By ZHANG RUINAN | China Daily | Updated: 2019-04-15 09:15
A general view of the US Internal Revenue Service (IRS) building in Washington, May 27, 2015. [Photo/Agencies]

"I'm calling from the IRS, you owe us thousands of dollars on your taxes. If you don't pay it now, the local police will come to your house and arrest you."

Millions of people living in the US have received this type of robocall impersonation of employees of the Internal Revenue Service, or IRS, as the deadline for filing US taxes falls on April 15.

"What happens is that these people will tell you, 'I'm from the IRS, and you owe us money, you have to pay it right away by debit card, bitcoin or by wire'," Claire Rosenzweig, president of the Better Business Bureau of Metropolitan New York, told China Daily. "If they say they're from Social Security, they might say that your Social Security number has been involved with a crime. It's not true. The main thing when you get a call like that is to hang up."

Nearly 48 billion robocalls were made to US residents last year, according to a Federal Communications Commission report released in February. Nearly 50 percent of those calls were from scammers. The report also noted that the number of complaints about illegal robocalls has been increasing, jumping from 172,000 in 2015 to 232,000 in 2018.

YouMail, a company that collects and analyzes calls through its robocall blocking service, estimates that last month alone there were 5.23 billion robocalls made to the US, the most ever in one month.

Robocalls are a global problem.
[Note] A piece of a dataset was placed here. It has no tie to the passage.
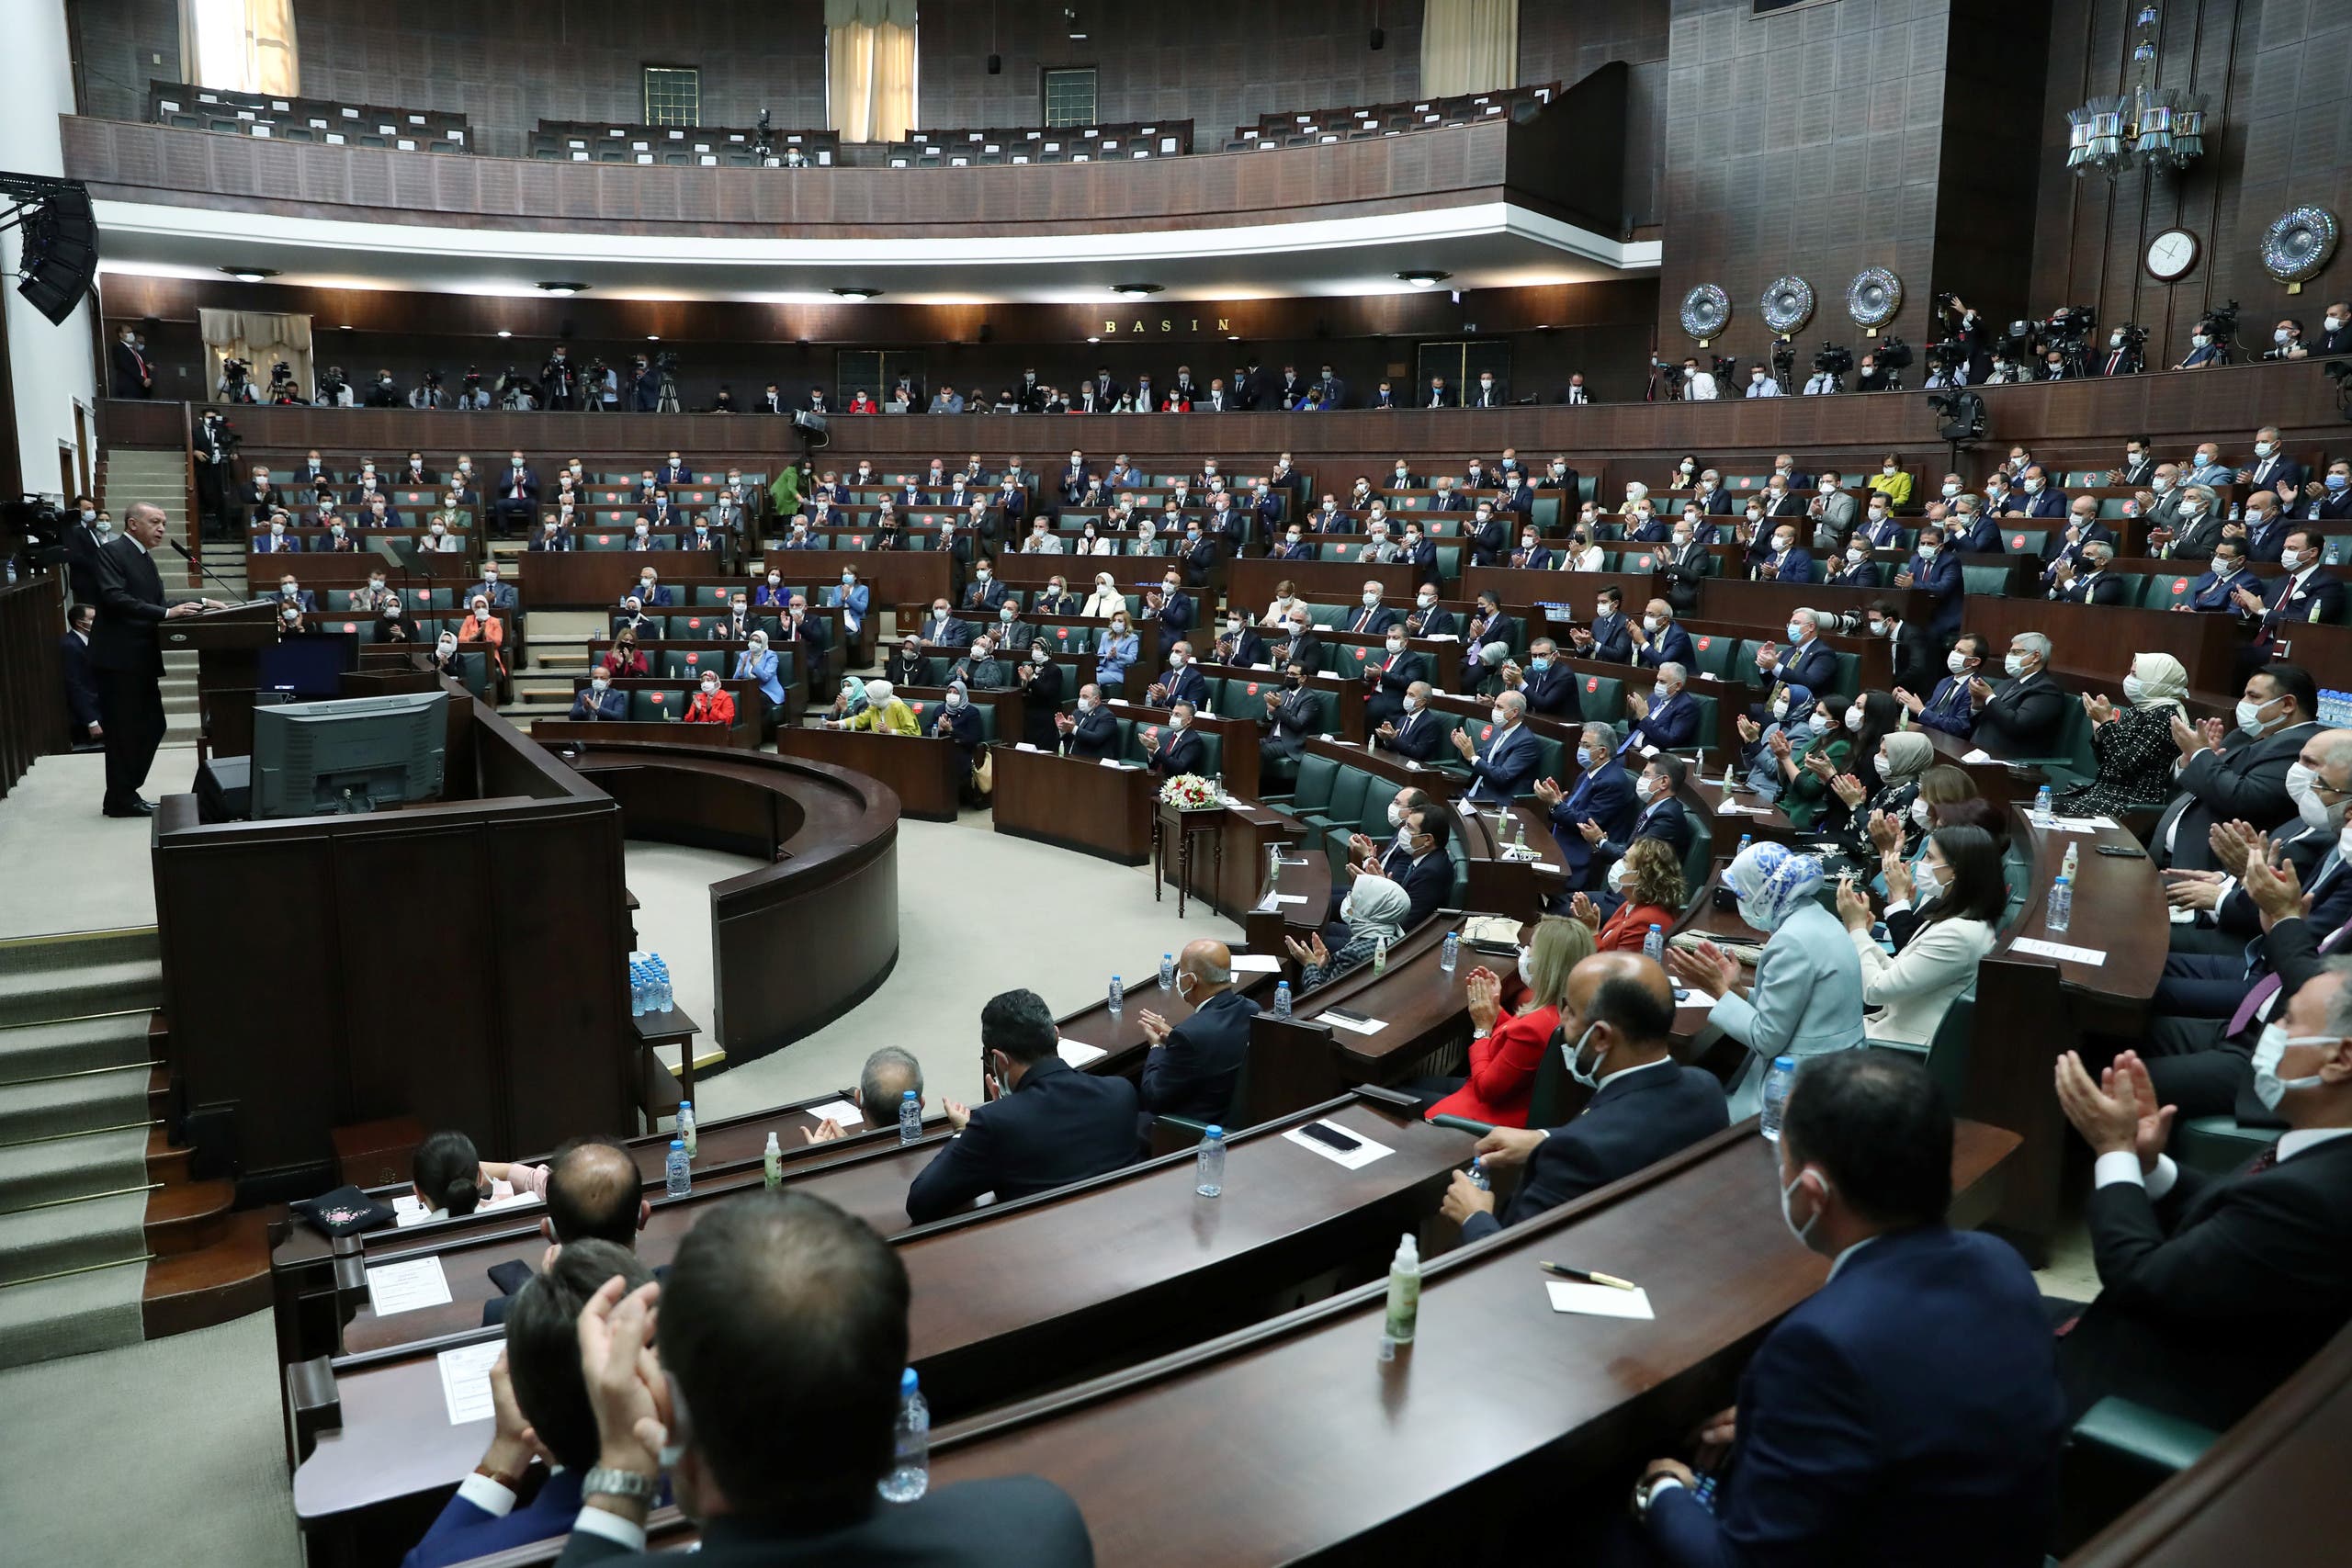 أردوغان يلقي كلمة أمام المجموعة البرلمانية لحزبه

Last year there were an estimated 85 billion calls globally-an increase of 325 percent from a year ago-with bank account, credit card and extortion being common scams, according to a report by Hiya, a company that makes apps to fend off unwanted calls.

The US Federal Trade Commission says 35,000 victims of robocall scams in 2018 lost about $10 million. Among 1.4 billion fraud reports last year, more than one-third involved impostor scams, and government scams cost the US nearly $488 million in total, according to the agency.

"Immigrants can be easy targets of scammers because they are afraid of being arrested and getting a criminal record," Kathy Liu, a lawyer based in New York told China Daily. "Especially for those who are on their way to becoming a US citizen, they don't want to get any criminal record."

Since December 2017, a robocall scheme targeting people with Chinese last names, in which the caller pretends to be Chinese embassy staffer and demands money has led to more than 350 victim complaints and taken $40 million from those victims, according to the FBI's Internet Crime Complaint Center.

US lawmakers have noticed the surge in scam robocalls. Last week, a Senate panel advanced legislation that would increase the fine on illegal scam robocalls and give the federal government authority to fine offenders up to $10,000 per call.